= Medicare Sustainable Growth Rate =

United States health care spending control

The Medicare Sustainable Growth Rate (SGR) was a method used by the Centers for Medicare and Medicaid Services (CMS) in the United States to control spending by Medicare on physician services.

President Barack Obama signed a bill into law on April 16, 2015, the Medicare Access and CHIP Reauthorization Act of 2015, which ended use of the SGR. The measure went into effect in July 2015.

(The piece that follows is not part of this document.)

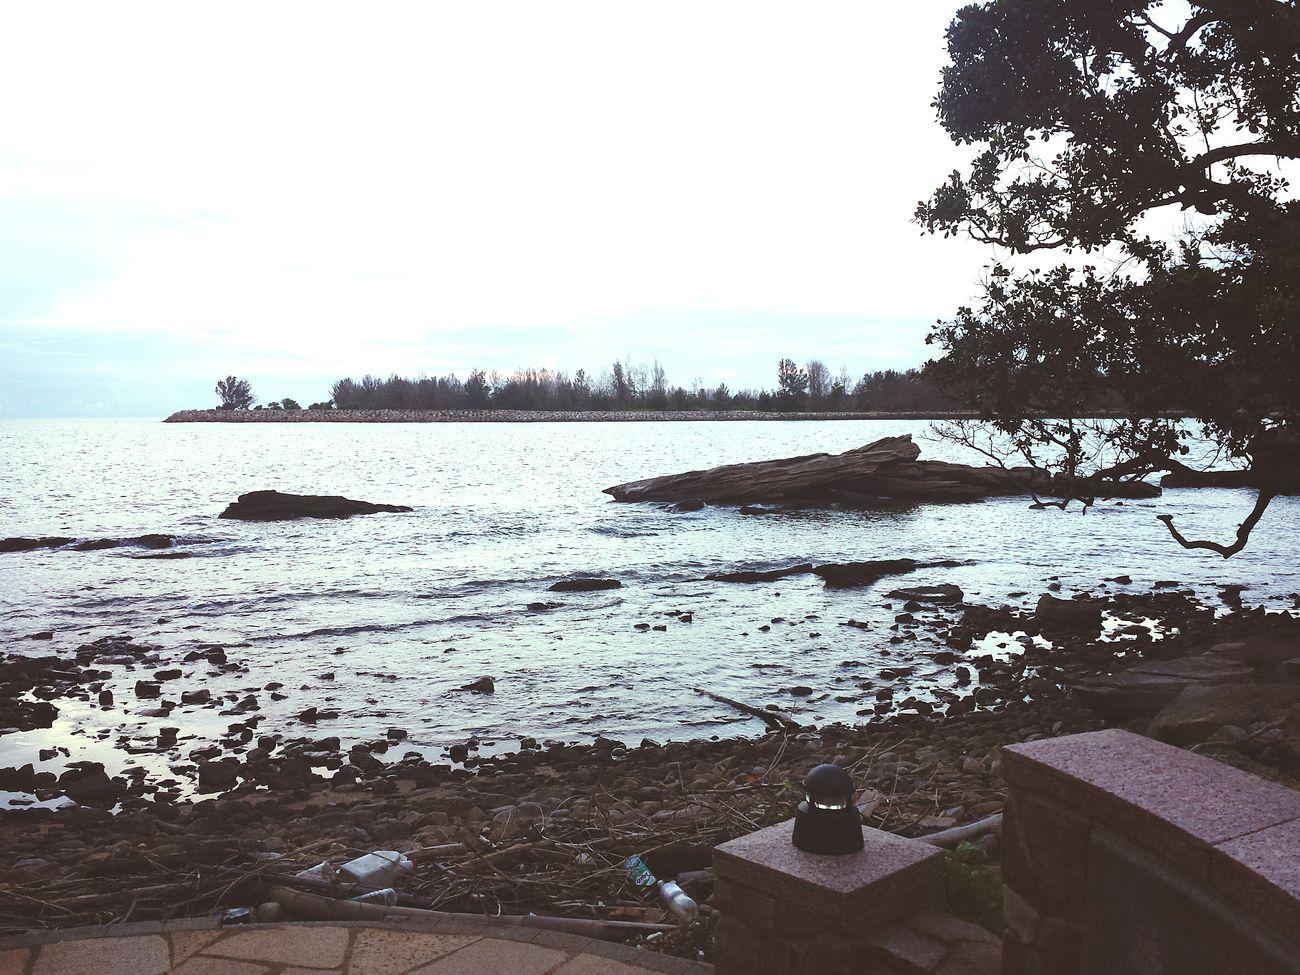 Beachphotography Sea View Brunei Darussalam
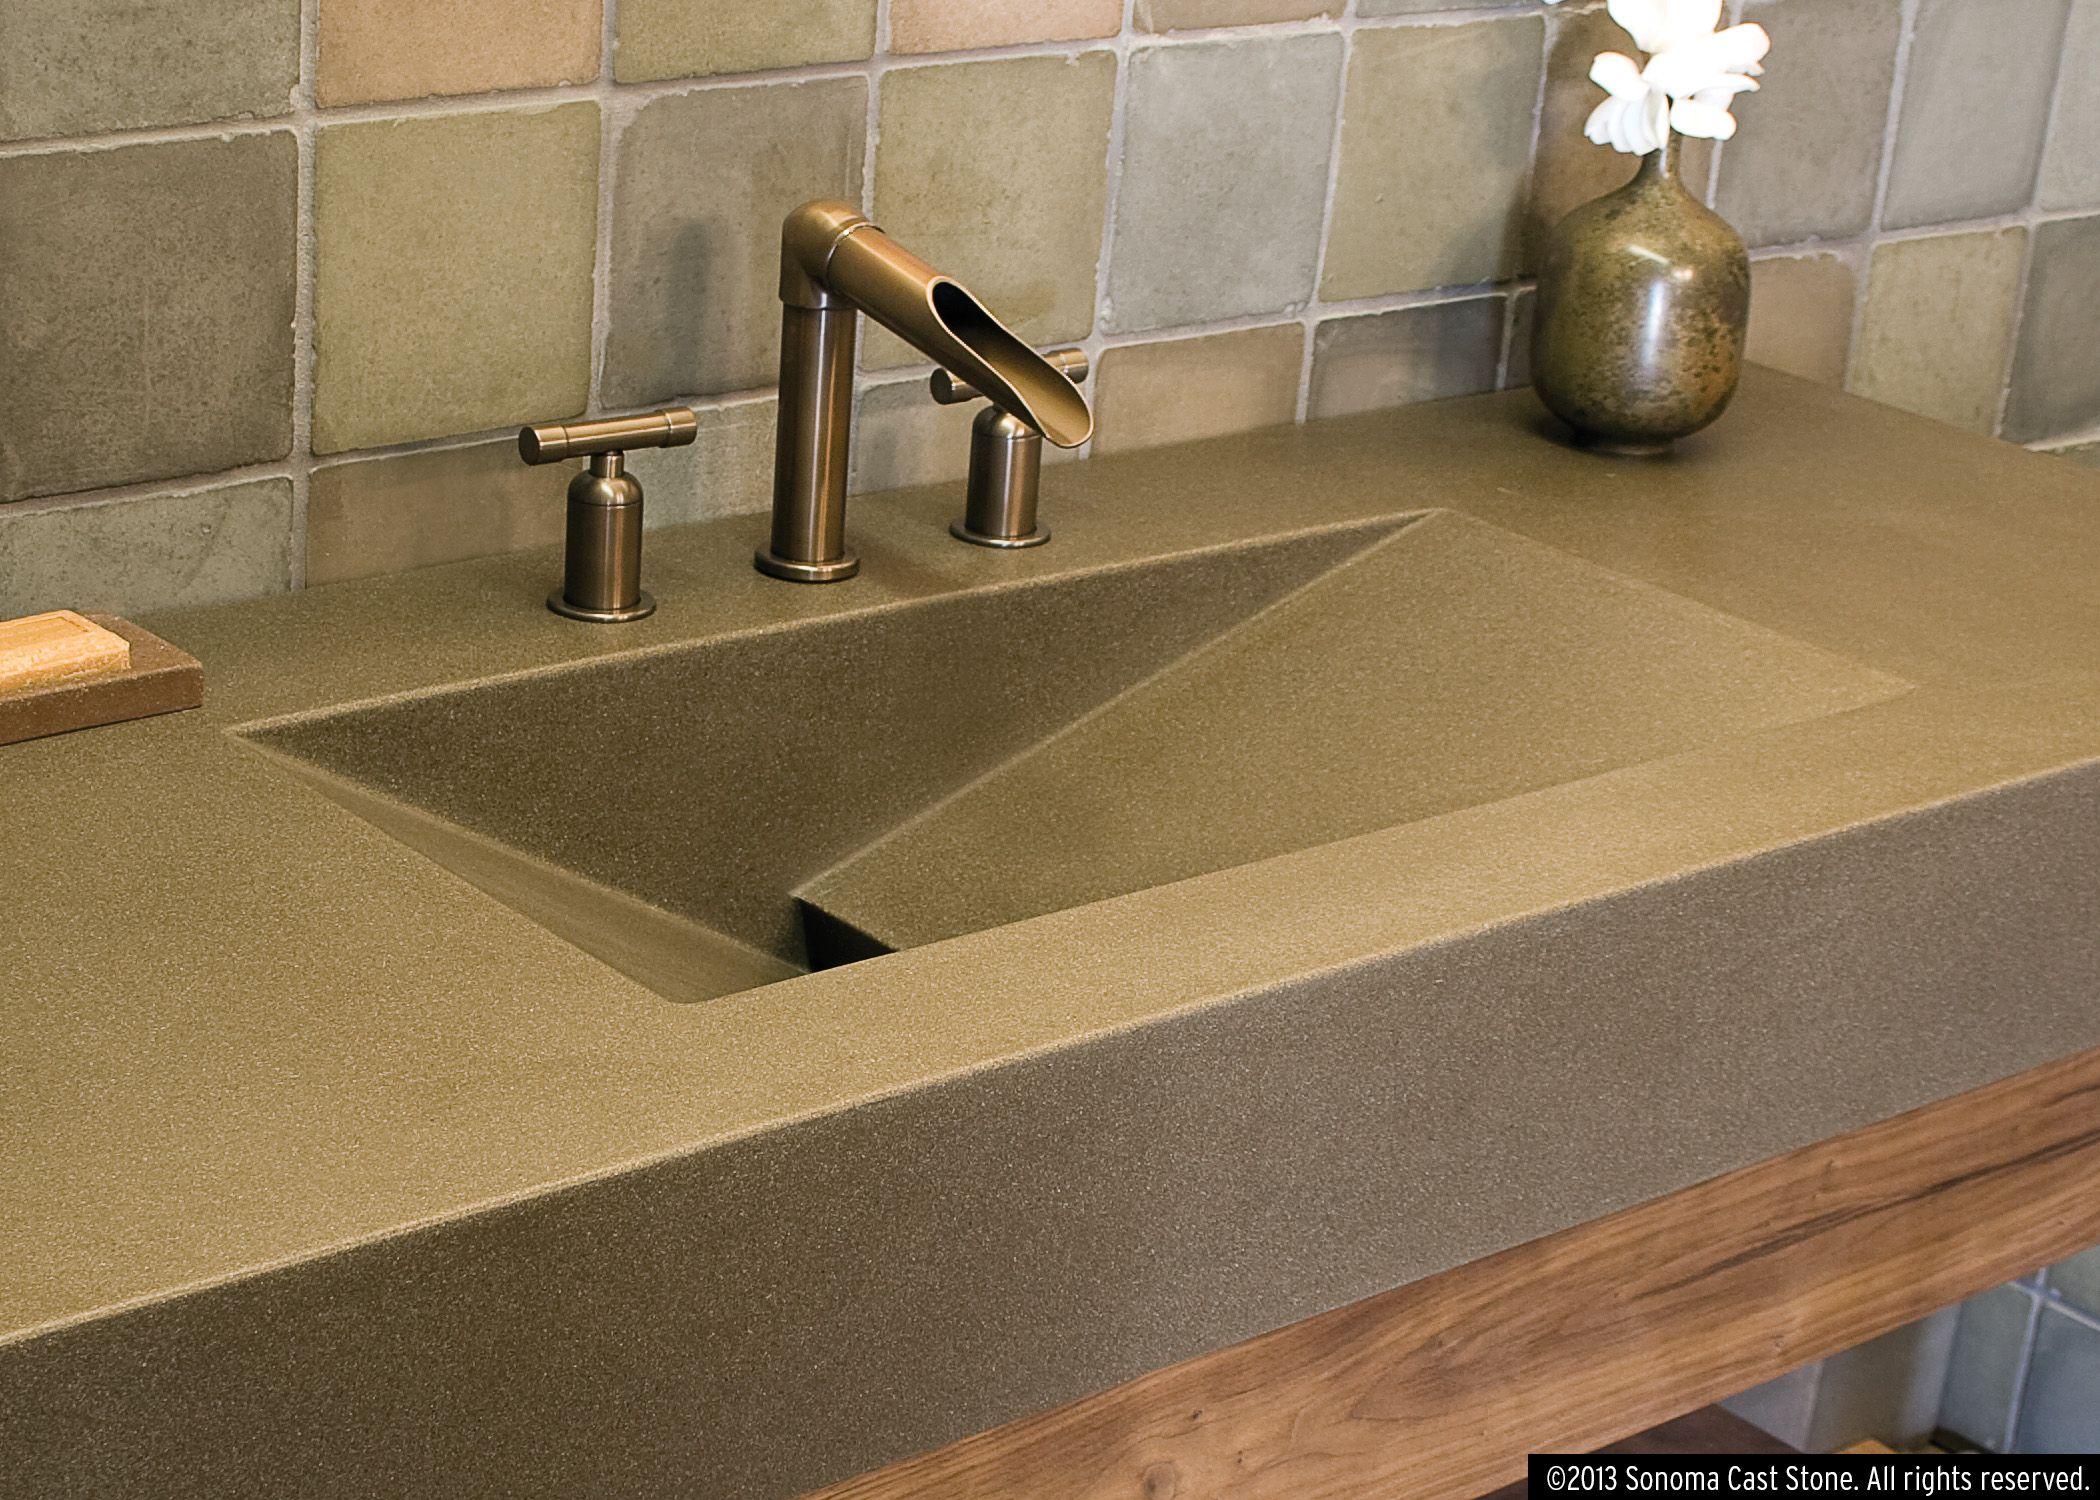 Concrete Sinks Ramp Sinks에 있는 핀

Enacted by the Balanced Budget Act of 1997 to amend Section 1848(f) of the Social Security Act, the SGR replaced the Medicare Volume Performance Standard (MVPS), which was the previous method that CMS used in an attempt to control costs. Generally, this was a method to ensure that the yearly increase in the expense per Medicare beneficiary did not exceed the growth in GDP. Every year, the CMS sent a report to the Medicare Payment Advisory Commission, which advised the U.S. Congress on the previous year's total expenditures and the target expenditures. The report also included a conversion factor that would change the payments for physician services for the next year in order to match the target SGR. If the expenditures for the previous year exceeded the target expenditures, then the conversion factor would decrease payments for the next year. If the expenditures were less than expected, the conversion factor would increase the payments to physicians for the next year. On March 1 of each year, the physician fee schedule was updated accordingly. The implementation of the physician fee schedule update to meet the target SGR could be suspended or adjusted by Congress, as was done regularly (this was referred to as a doc fix). The repeated task of implementing a "doc fix" led to the permanent repeal of the SGR, or "permanent doc fix," in 2015.

==Formula==
Section 1848(f)2 of the Social Security Act specified the formula for calculating the SGR. There were four factors used in calculating the SGR:
1. The estimated percentage change in fees for physicians’ services.
2. The estimated percentage change in the average number of Medicare fee-for-service beneficiaries.
3. The estimated 10-year average annual percentage change in real GDP per capita.
4. The estimated percentage change in expenditures due to changes in law or regulations.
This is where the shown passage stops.